Seules les valeurs pétrolières tirent leur épingle du jeu lundi. North Atlantic Energies, nouveau nom de Esso France après que le canadien North Atlantic a racheté la participation du géant américain ExxonMobil, s'envolait de 12,57% à 55 euros vers 11H00 heure de Paris.

La compagnie pétrolière française Maurel & Prom prenait 1,23% à 9,48 euros.

Le rendement de l'emprunt français grimpe

"Le retour des pressions inflationnistes" en raison de la hausse des prix des hydrocarbures est "l'un des principaux sujets d'inquiétude" des marchés, explique John Plassard, responsable de la stratégie d'investissement chez Cité Gestion Private Bank.

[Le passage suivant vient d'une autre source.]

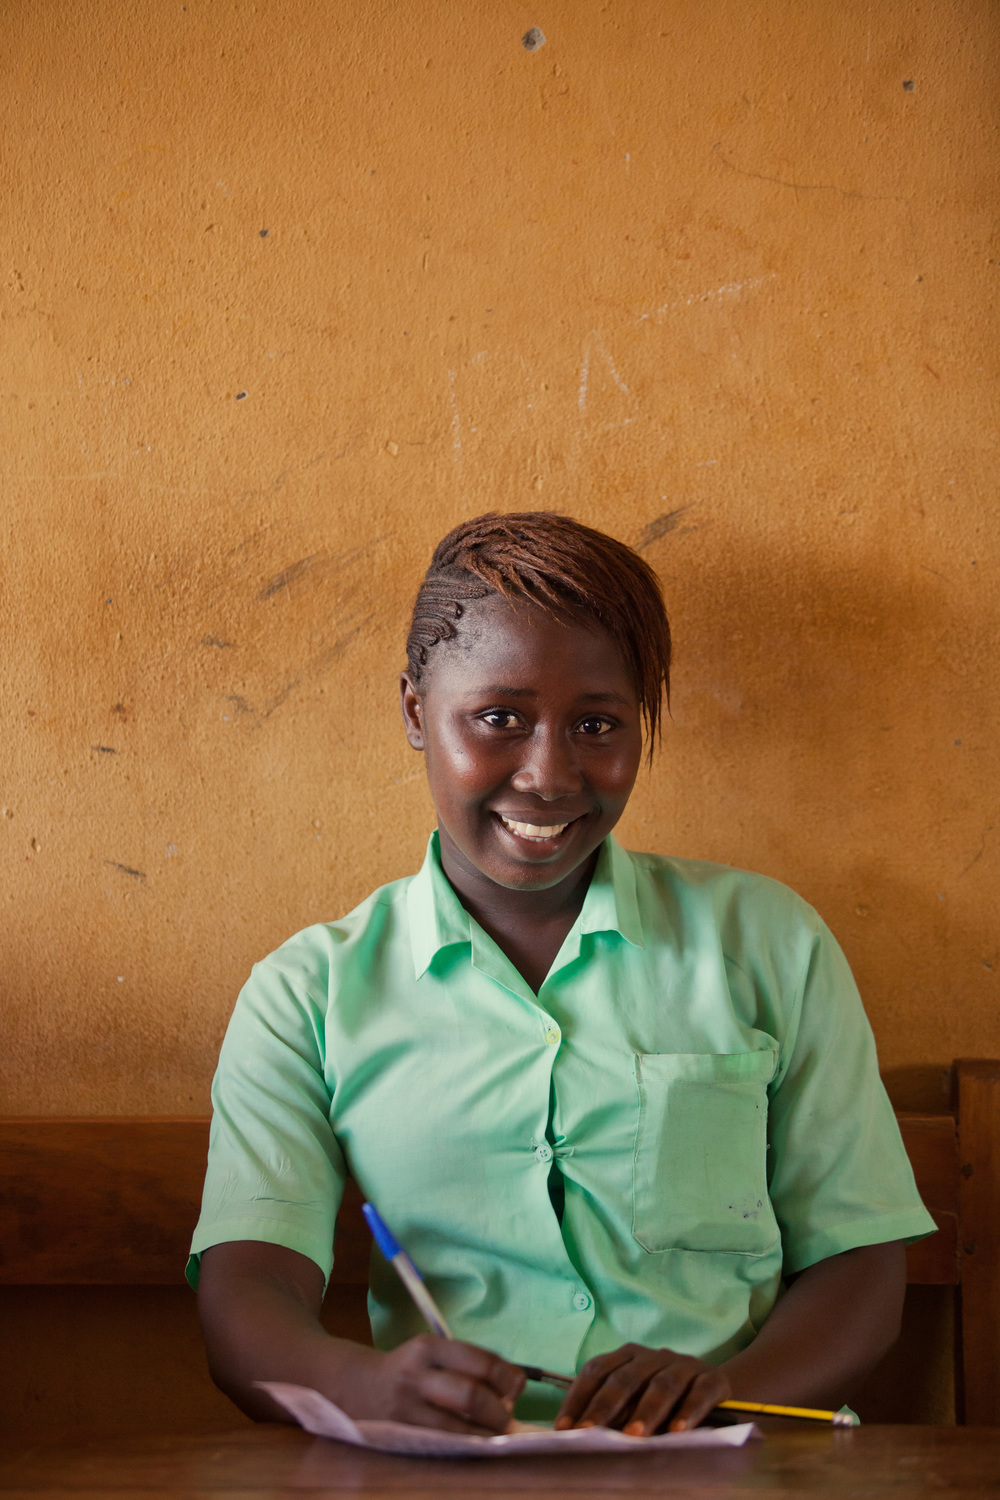  Isha's f amily was displaced by the war in Sierra Leone soon after she was born, and they had to leave their support network behind them. When Ebola hit the country last year, it claimed both of her parents. Isha, 15, is quick to smile and gets good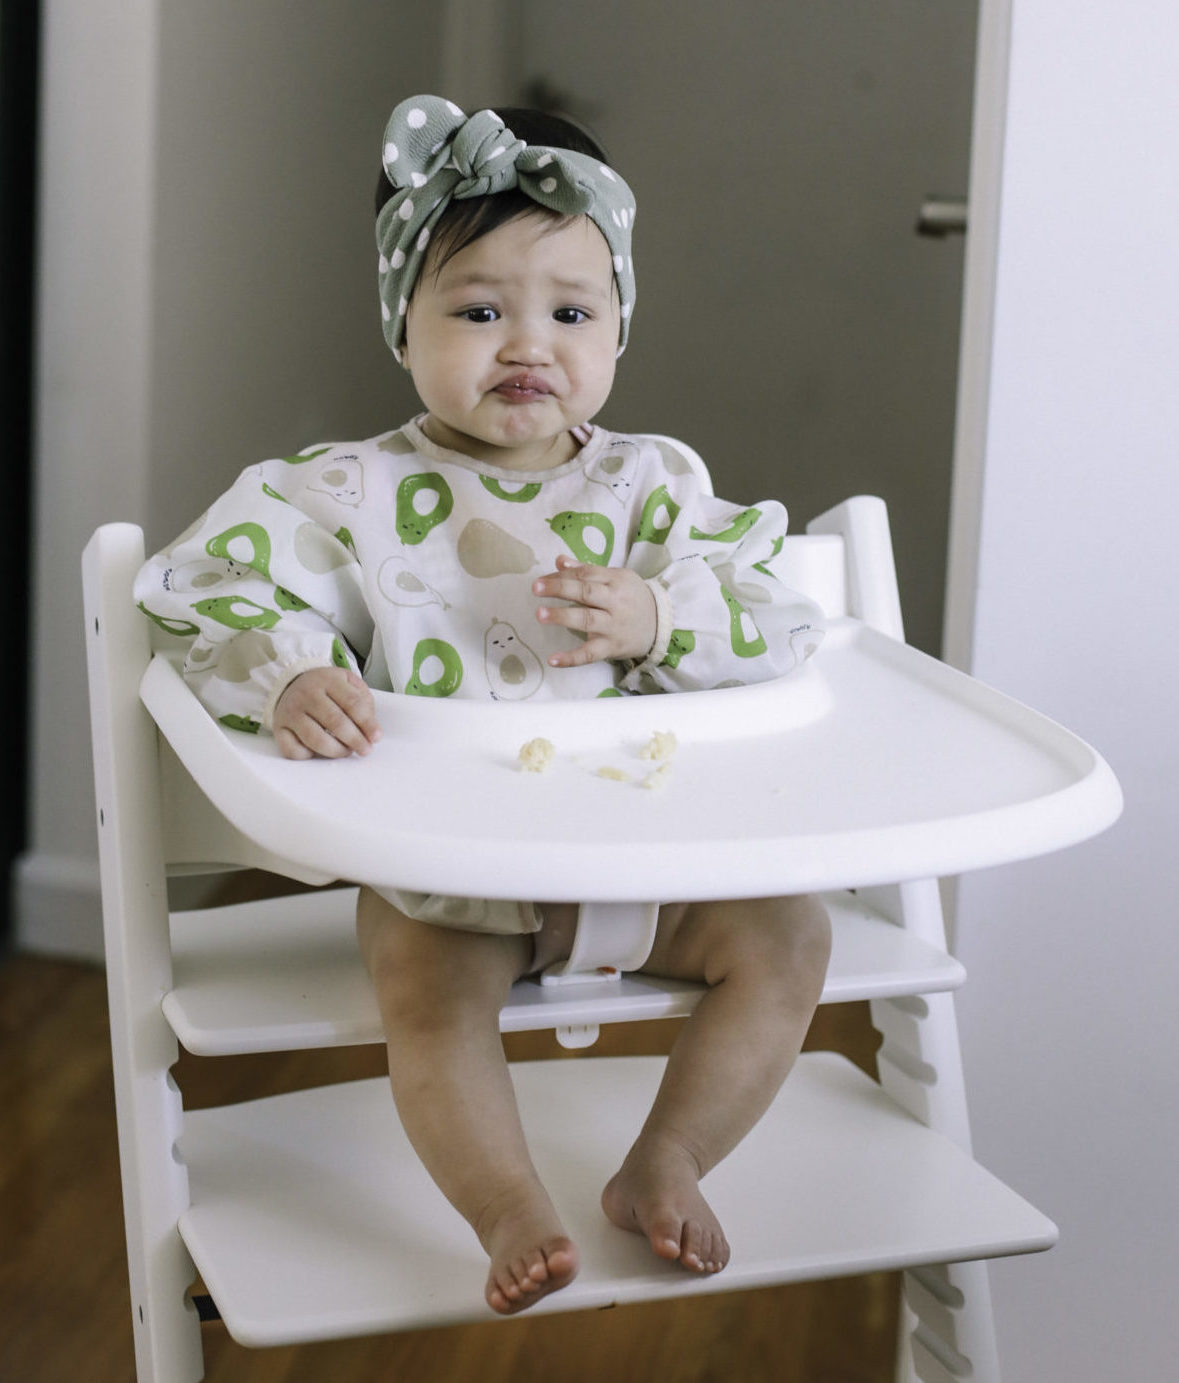 strokke trip trapp high chair review 6 months old

Le rendement de l'emprunt français à échéance 10 ans évoluait à 3,58% vers 11H00 heure de Paris, contre 3,51% lundi à la clôture, une forte variation pour ce marché.

Avec la flambée des prix du brut, la "question du coût de la vie et des conséquences pour les ménages se pose", relève Alexandre Baradez.

"Le marché se demande quelle va être la posture de la BCE (la Banque centrale européenne, ndlr) par rapport à cela et s'il y aura une révision de sa position sur les taux", poursuit-il.

Pour Mme Brooks, "la crise du coût de la vie est de retour, et cela rend les baisses de taux mondiales improbables dans les mois à venir".